- Directed by: Adam Sedlák
- Written by: Adam Sedlák
- Starring: Jiří Konvalinka, Tereza Hofová
- Cinematography: Dušan Husár
- Release dates: 3 July 2018 (Karlovy Vary); 27 September 2018 (Czech Republic);
- Running time: 117 minutes
- Country: Czech Republic
- Language: Czech

= Domestik =

Domestique (Domestik) is a 2018 Czech sport drama directed by Adam Sedlák. It premiered at Karlovy Vary International Film Festival on 1 July 2018.

==Plot==
The film is about Roman and his wife Šarlota.
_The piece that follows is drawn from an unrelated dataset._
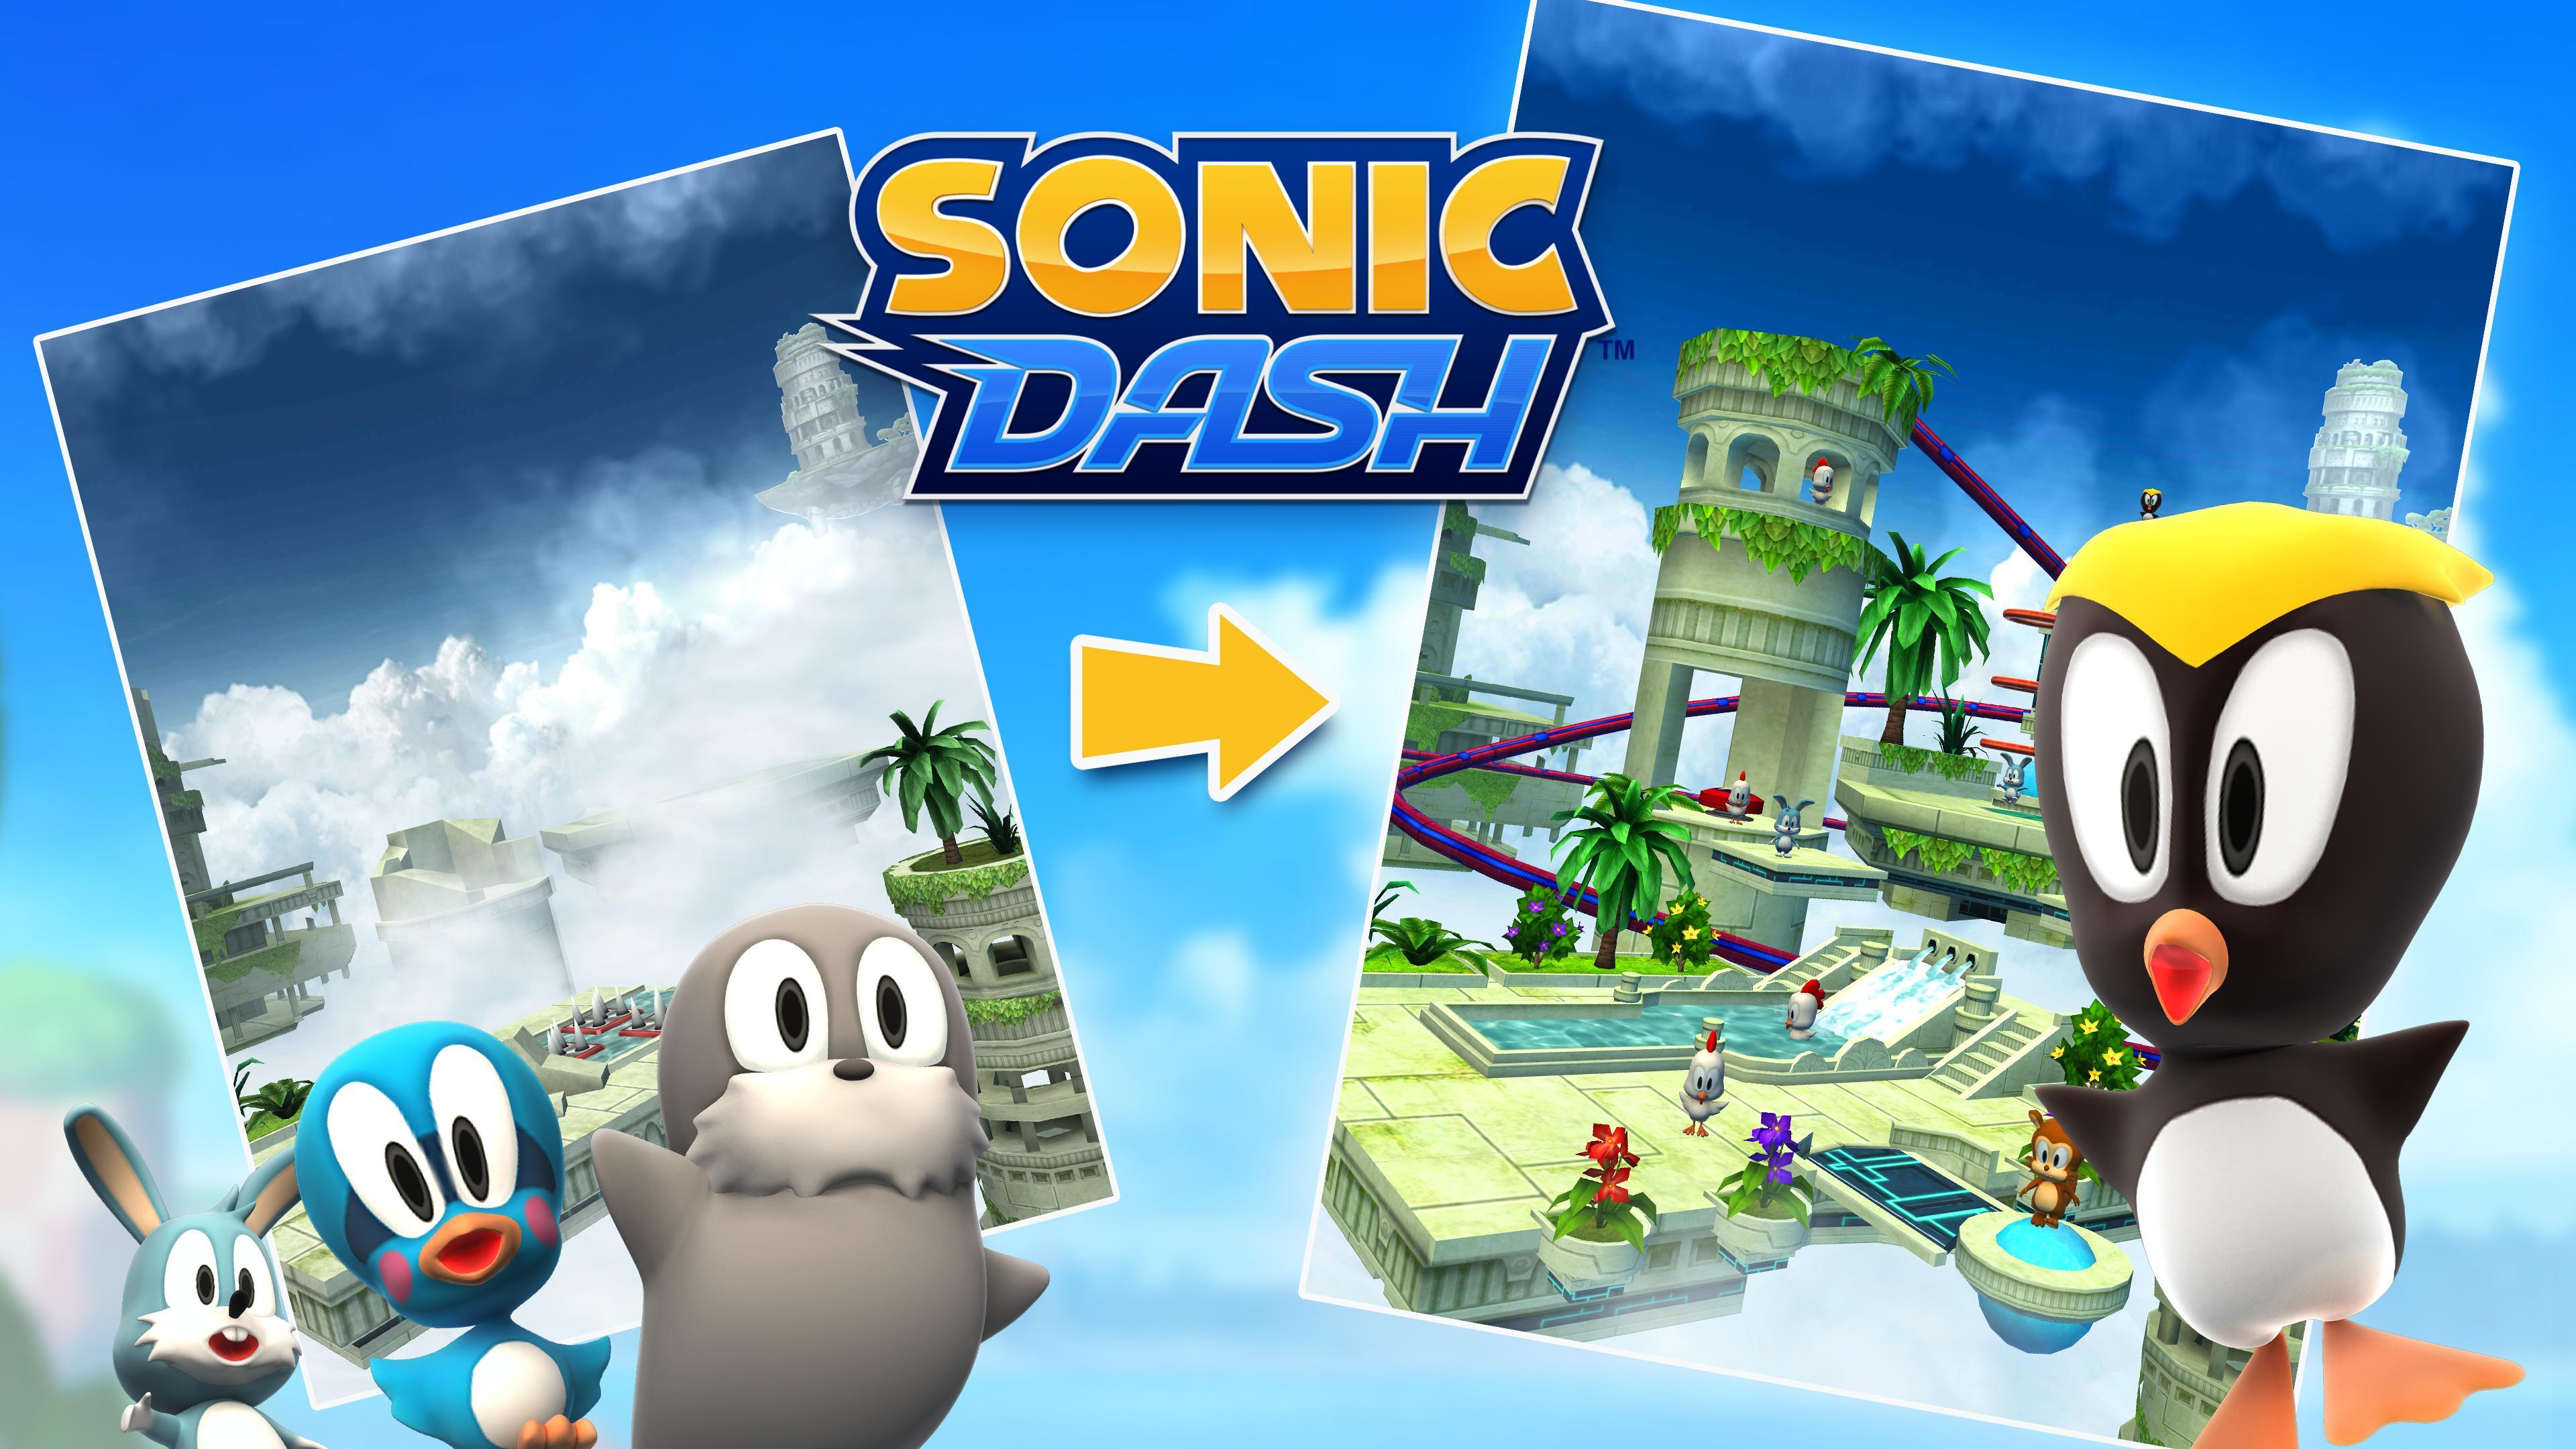 Sonic Dash - Endless Running & Racing Game 4.14.0 Screenshot 8

Roman is a professional biker obsessed with winning. He tries to get in shape after an injury. His wife Šarlota tries to get pregnant but Roman's obsession leads to deterioration of their relationship.

==Cast==
- Jiří Konvalinka as Roman
- Tereza Hofová as Šarlota
- Miroslav Hanuš as Doctor
- Tomáš Bambusek as Kustod

==Review==
Hossein Eidizadeh wrote for Kinoscope that "Virtually the entire film happens in Roman’s apartment. For most of the film, we see him cycling madly on an exercise bike; we see the expansion and contraction of his muscles, as if we are following the routines of a laboratory rat under examination. You get so close to Roman and his obsession that, by the end of the film, you are out of breath, as if having cycled for two hours. Sedlák’s first film is visually compelling; he creates an ominous atmosphere in which the only sound heard is Roman’s breathing, his cycle, and the oxygen machine. Šarlota (Tereza Hofová), Roman’s wife, longs for a baby and the presence of the oxygen tent adds another level to this already horrifying story of alienation and makes way for the hard-to-forget ending of this domestic thriller."